• **Data provided**:
§ §

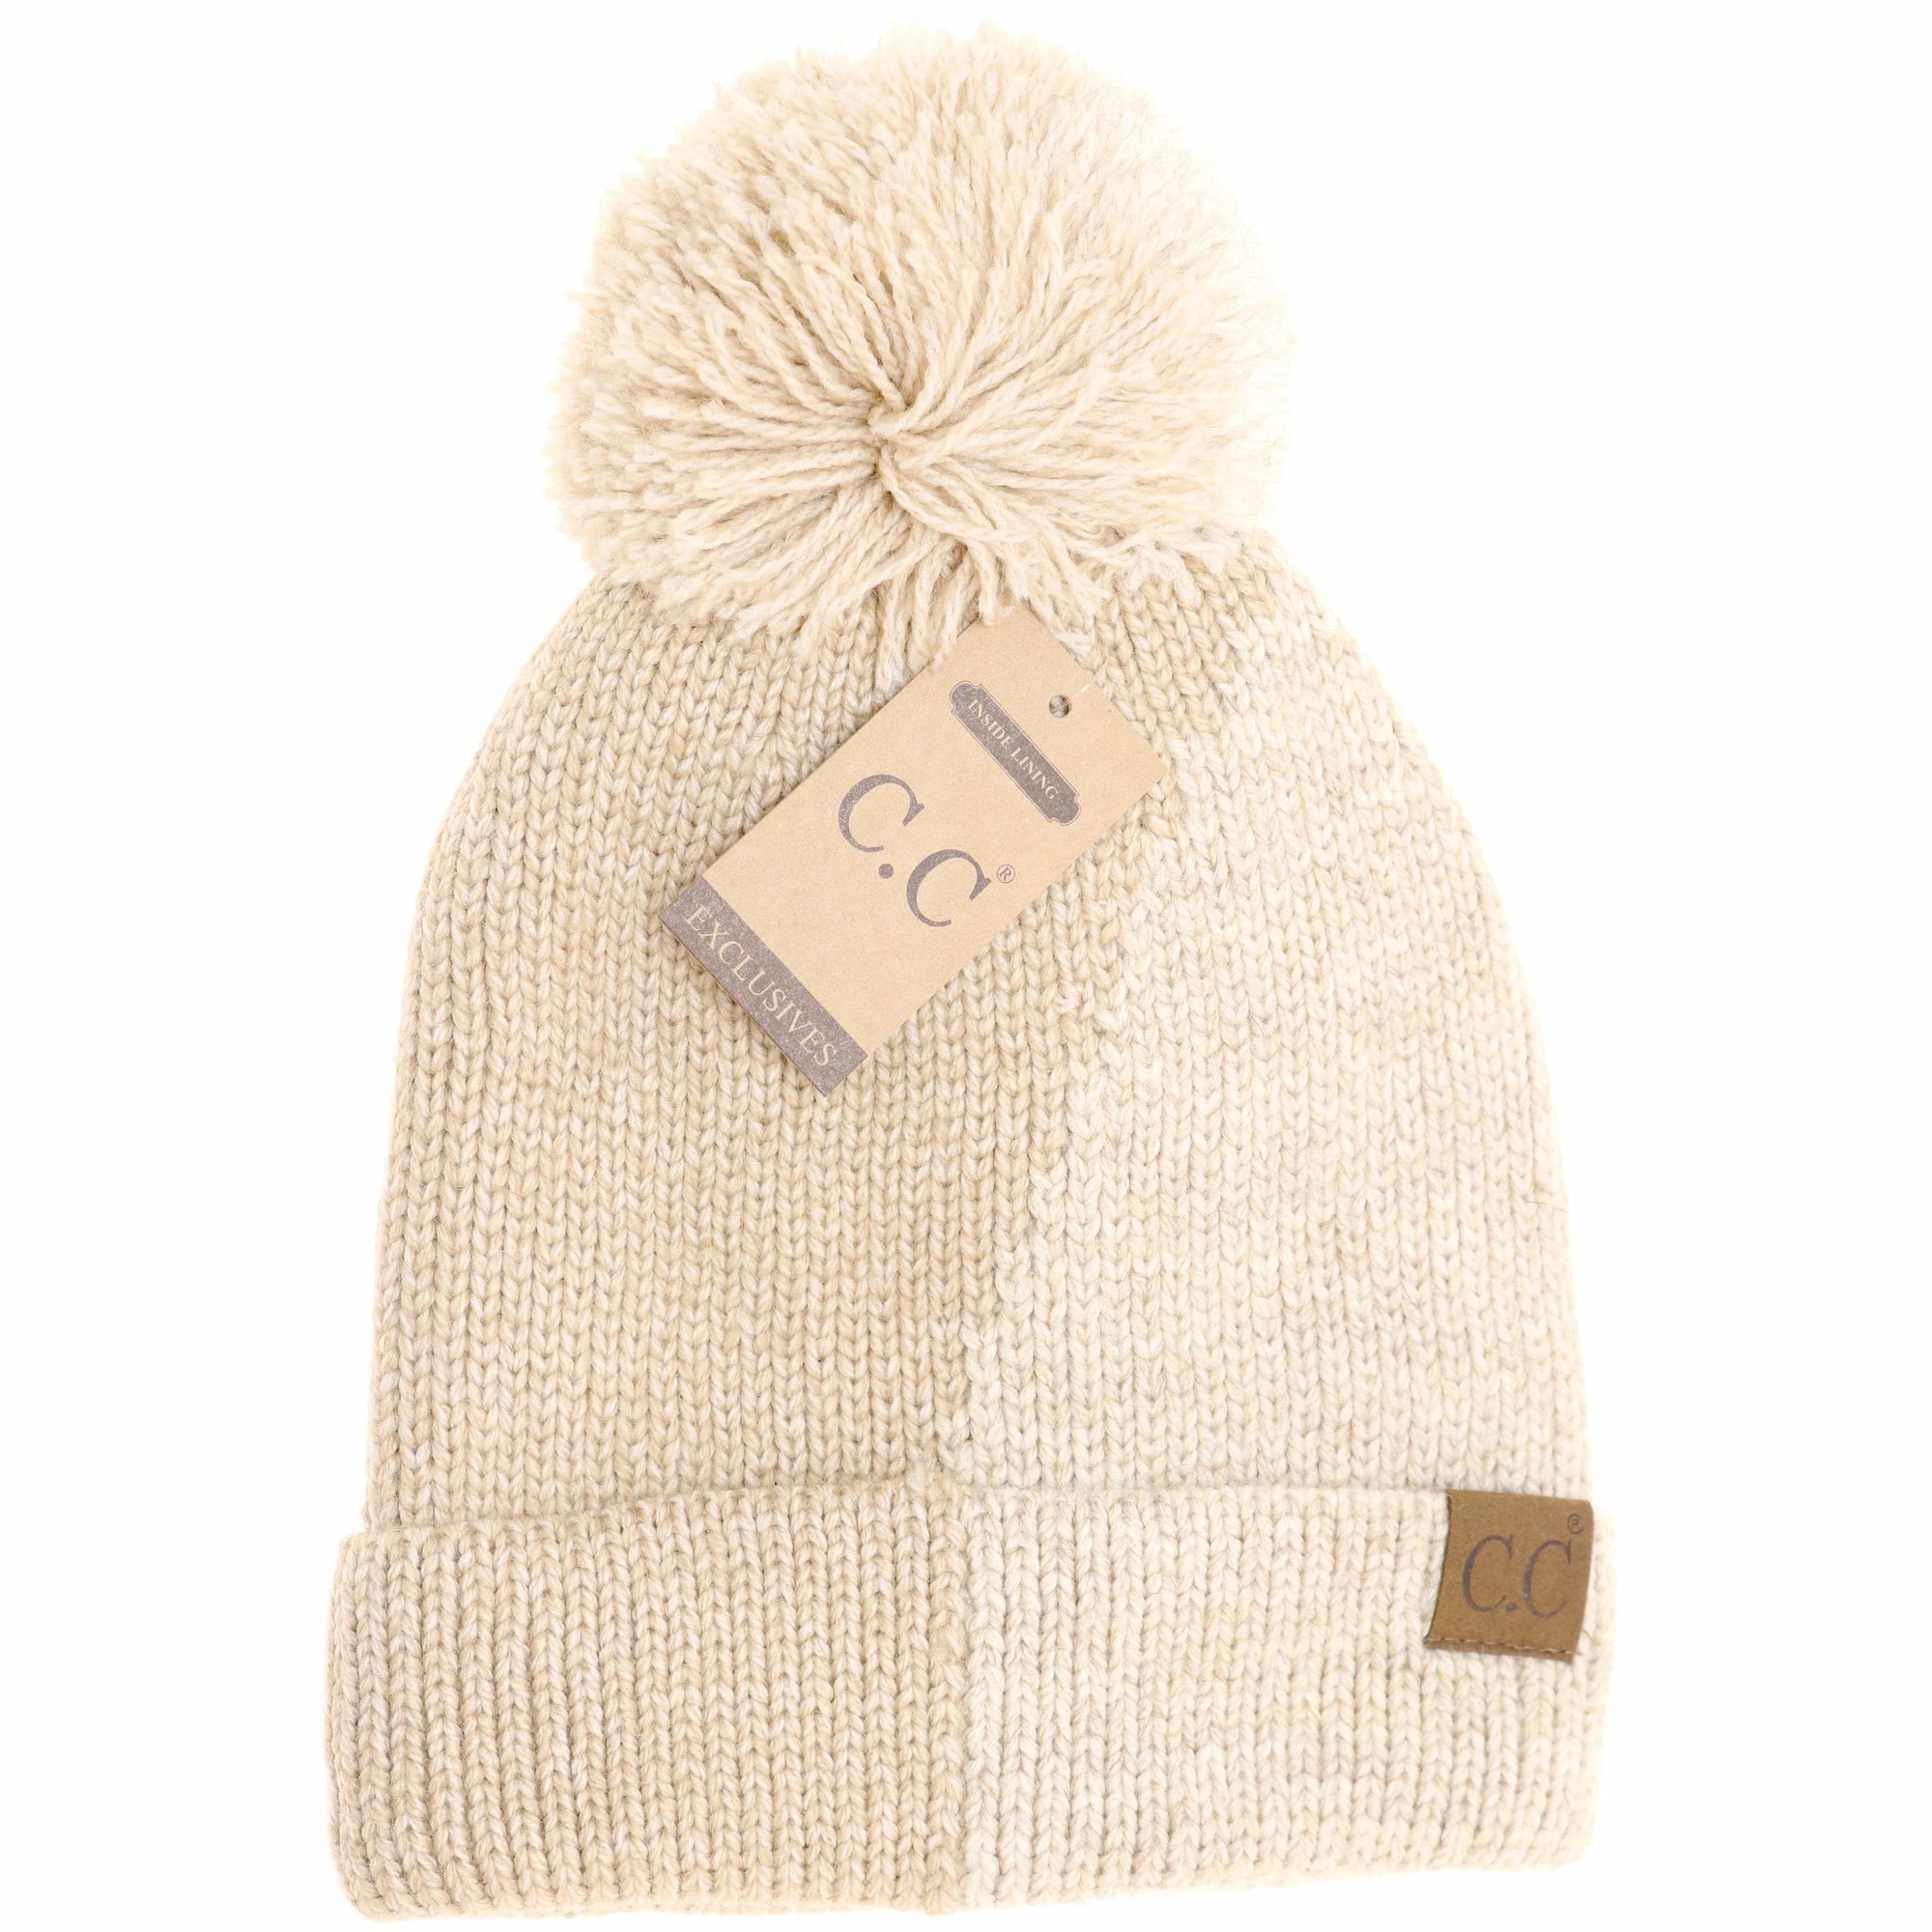 Two Tone Knit Beanie in Taupe
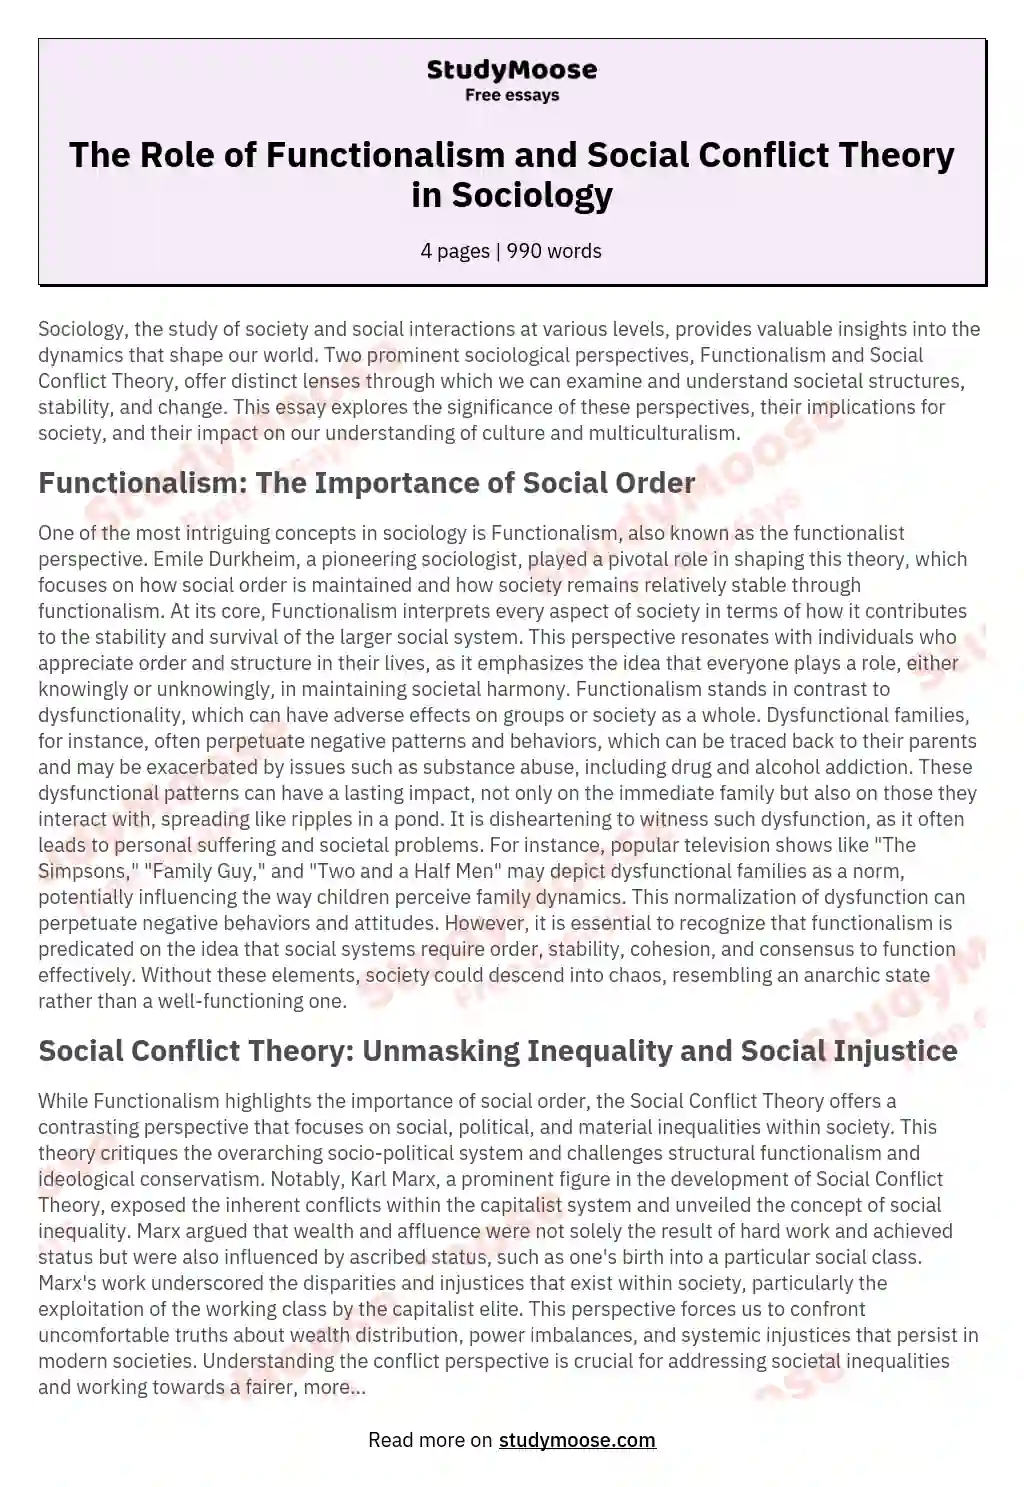 The Role of Functionalism and Social Conflict Theory in Sociology essay
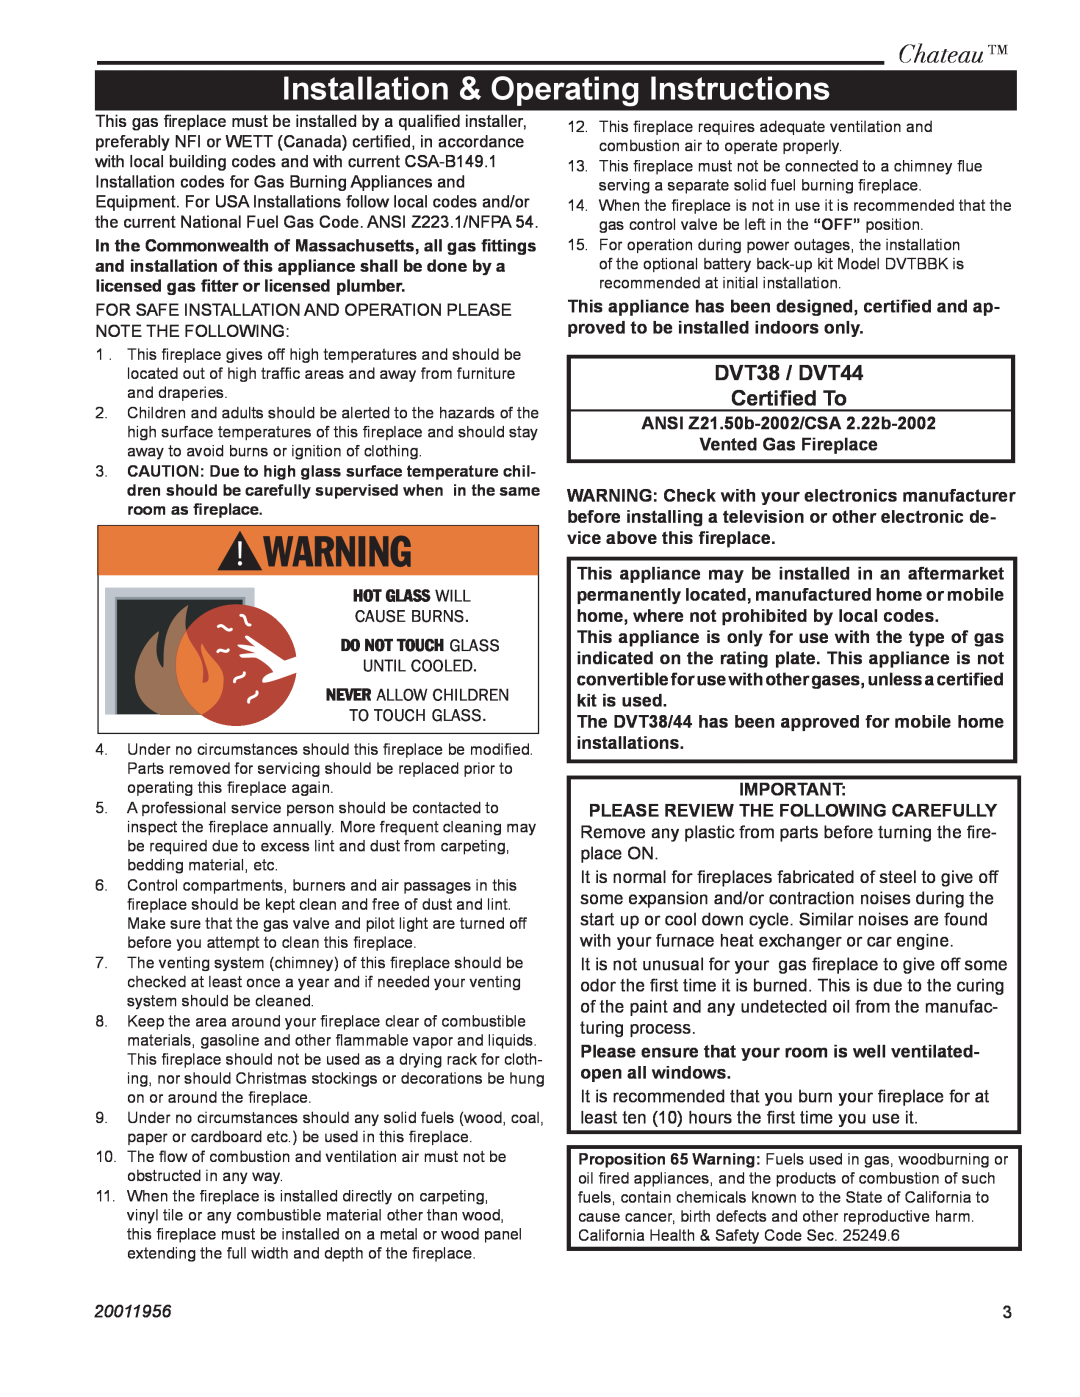 Vermont Casting Installation & Operating Instructions, Chateau, DVT38 / DVT44 Certiﬁed To, 20011956

§ §

• **What you should do**:
The lines running from the one with "The Role of" to the close of the material above are to be retyped exactly; no picture is to be included.

• **Task result**:
 The Role of Functionalism and Social Conflict Theory in Sociology essay
 Vermont Casting Installation & Operating Instructions, Chateau, DVT38 / DVT44 Certiﬁed To, 20011956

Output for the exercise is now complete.